_What to do_
Starting at the line that holds "Wedding-photography-and-films-austin-092.jpg" and stopping at the line that holds "de Havilland Twin", restate the records below word for word, with both of those lines included.

_Information shown_
┄┄┄┄┄┄┄┄┄┄┄┄┄┄┄┄┄┄┄┄

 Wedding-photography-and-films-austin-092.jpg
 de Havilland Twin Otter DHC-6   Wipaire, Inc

┄┄┄┄┄┄┄┄┄┄┄┄┄┄┄┄┄┄┄┄

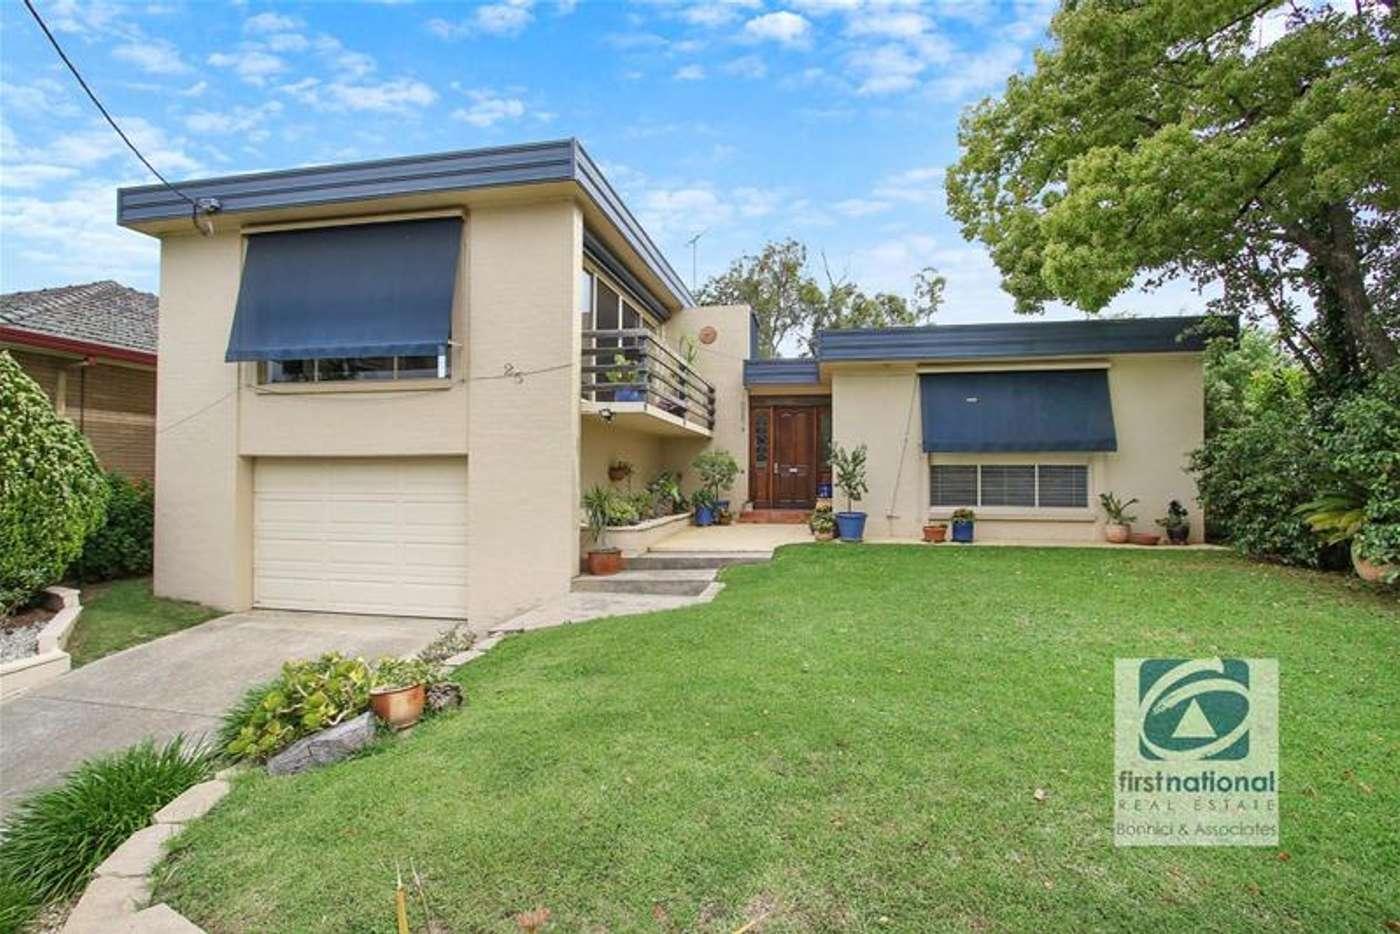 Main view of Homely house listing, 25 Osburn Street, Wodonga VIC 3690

┄┄┄┄┄┄┄┄┄┄┄┄┄┄┄┄┄┄┄┄

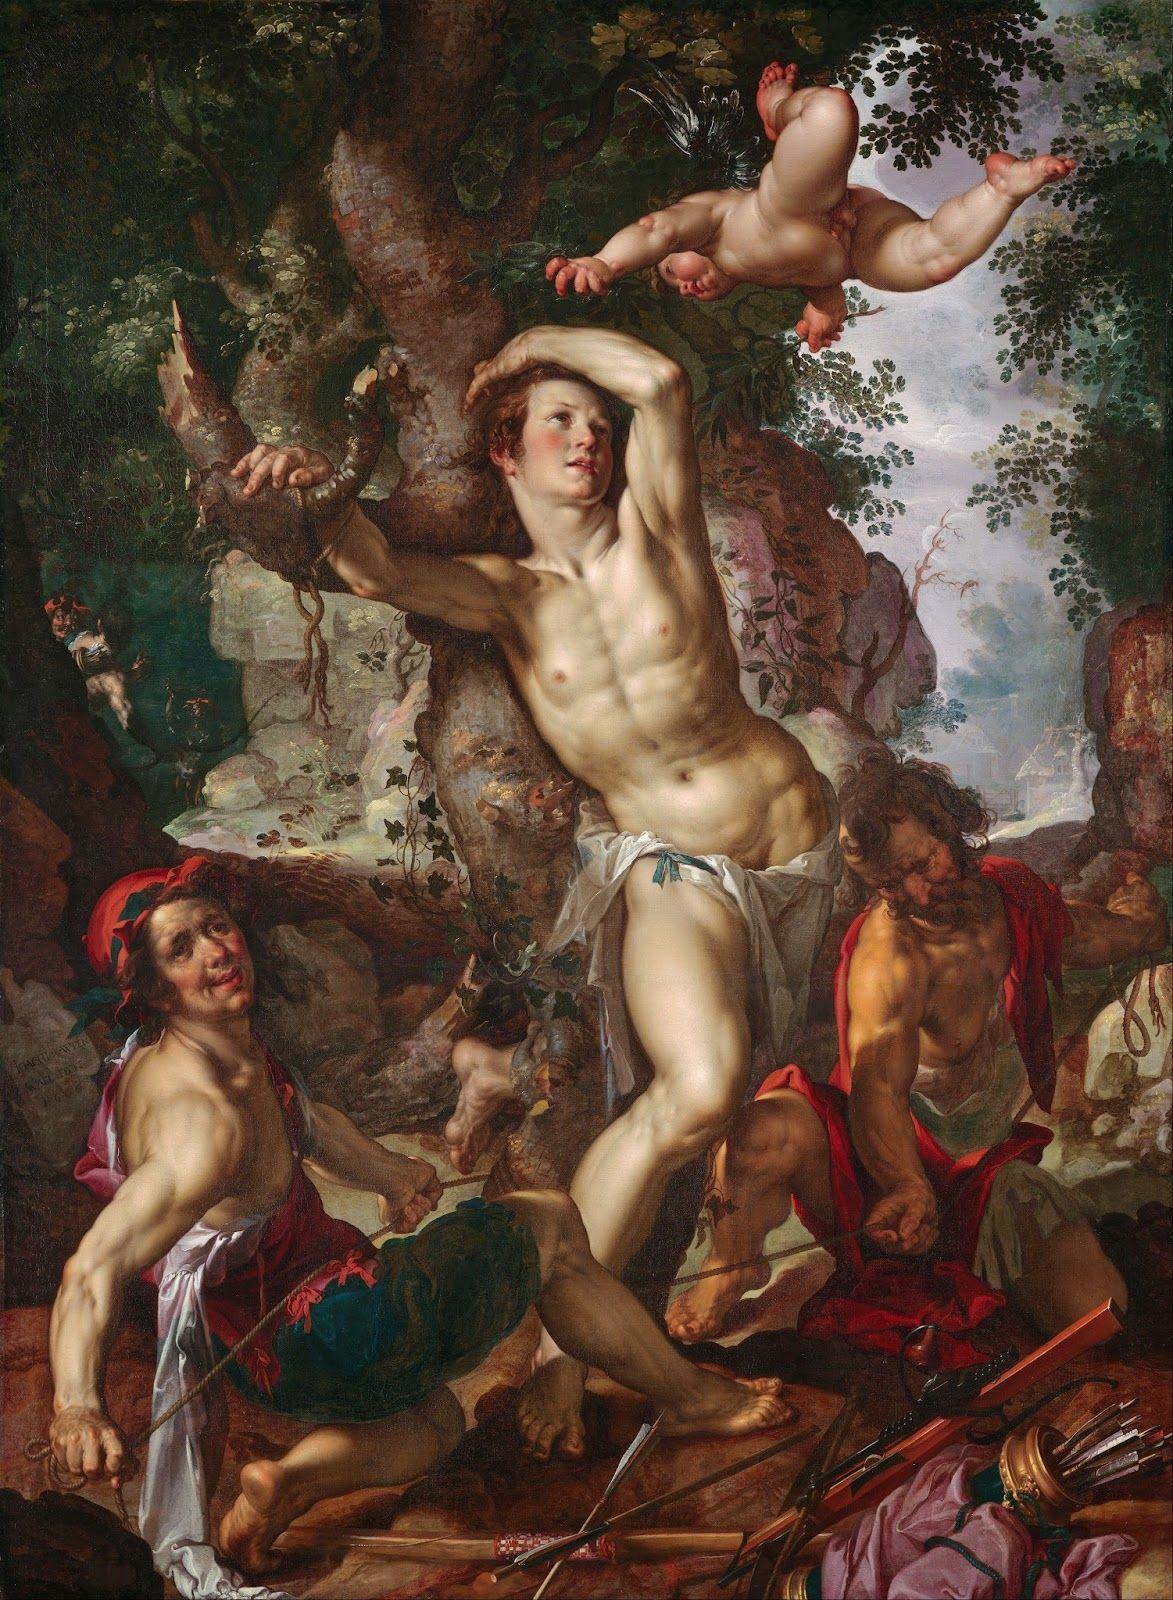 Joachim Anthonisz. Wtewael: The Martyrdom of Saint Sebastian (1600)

┄┄┄┄┄┄┄┄┄┄┄┄┄┄┄┄┄┄┄┄

_Output for this task_
 Wedding-photography-and-films-austin-092.jpg
 de Havilland Twin Otter DHC-6   Wipaire, Inc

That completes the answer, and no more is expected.